These icons will display the uppercase A and lowercase b and c. It is often enough to give you at least a general idea of what each font is about. You can see if it looks like a dingbat, or a script, or a bold font.

Have your categories ready

If you have already created your categories (at least the main ones), they should display on the left of your explorer.

Select and drag

Now that you are seeing your fonts, or have a general idea of what they look like, and you have your categories ready to receive them, it is time to select the fonts and move them as needed. You can select one font, and drag it to the correct category and repeat that process one by one, but that is adding more time to this process. The easiest way would be to choose a category (ex: Script) and select all the scripts fonts you see among the icons. Hold the Ctrl key to select multiple fonts. This way, you can select dozens at the time, and then, when you are finished scrolling through those icons (or when you want a break), you just have to drag and drop them on the category to the left.

At this point, you might want to stick to the main categories instead of immediately sorting for the sub-categories. It will move you further into the sorting process and you can likely sort more fonts in that way. Later, you can repeat the process from one category to the sub-categories, but at least, you will already have a general organization of your fonts.

View more

If you are not really sure what the font looks like, or you don't feel you can see enough with those three characters displayed in the icon, you can click on the icon and allow the font to display on the right pane of your Windows Explorer.

If you are not using that right pane, you should. Not only it allows you to view the fonts you want to look at, but it also allows you to preview other documents (txt, docx, etc.) which saves you time as you don't have to open those files to decide if they are the ones you want to open!

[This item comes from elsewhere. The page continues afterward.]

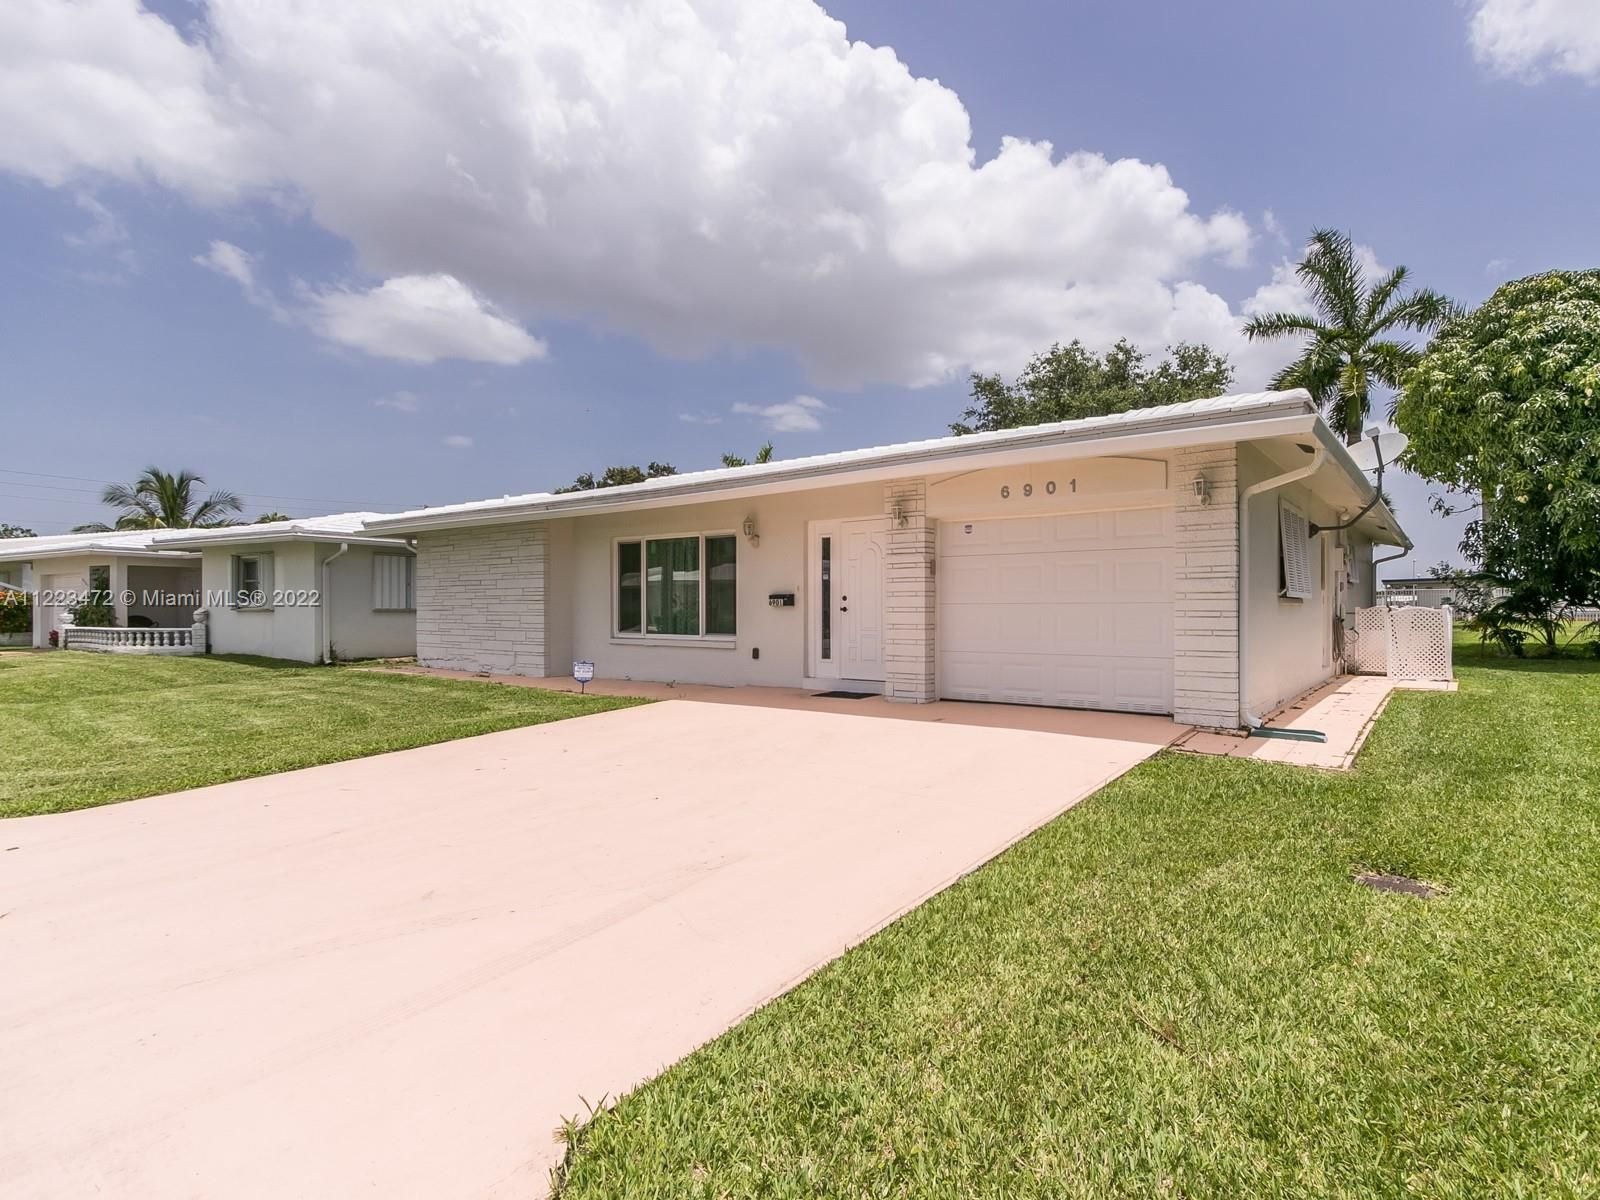 Real estate property located at 6901 70th St, Broward County, Tamarac, FL

But back to our fonts, once you click on an icon, you will see this in the right pane:

This will give you a better idea of what this font will look like. You can see whether all the lowercase are actually all uppercase (sometimes, just a bit shorter), or you can see if only the uppercase will have dingbats while the lowercase are "normal" letters.

Sort by usage too

Remember that you might also need to sort your fonts by usage. Some fonts are free only for personal use, so if you are making projects for yourself or for gifts for your family, you are ok, but if you were to use those fonts for alphabets you want to sell, or posters you are paid to create, then you would need commercial use license. Don't mix both. You never know when you will get asked to do something for someone else... for money!

Take it a little at the time

If you have thousands of fonts, this whole process will surely take a while. Don't expect to do it all in one sitting. Work with a plan. Sort all the scripts font one day. Sort all the dingbat fonts another day. And so on. That way, you will know you are getting more organized with each day.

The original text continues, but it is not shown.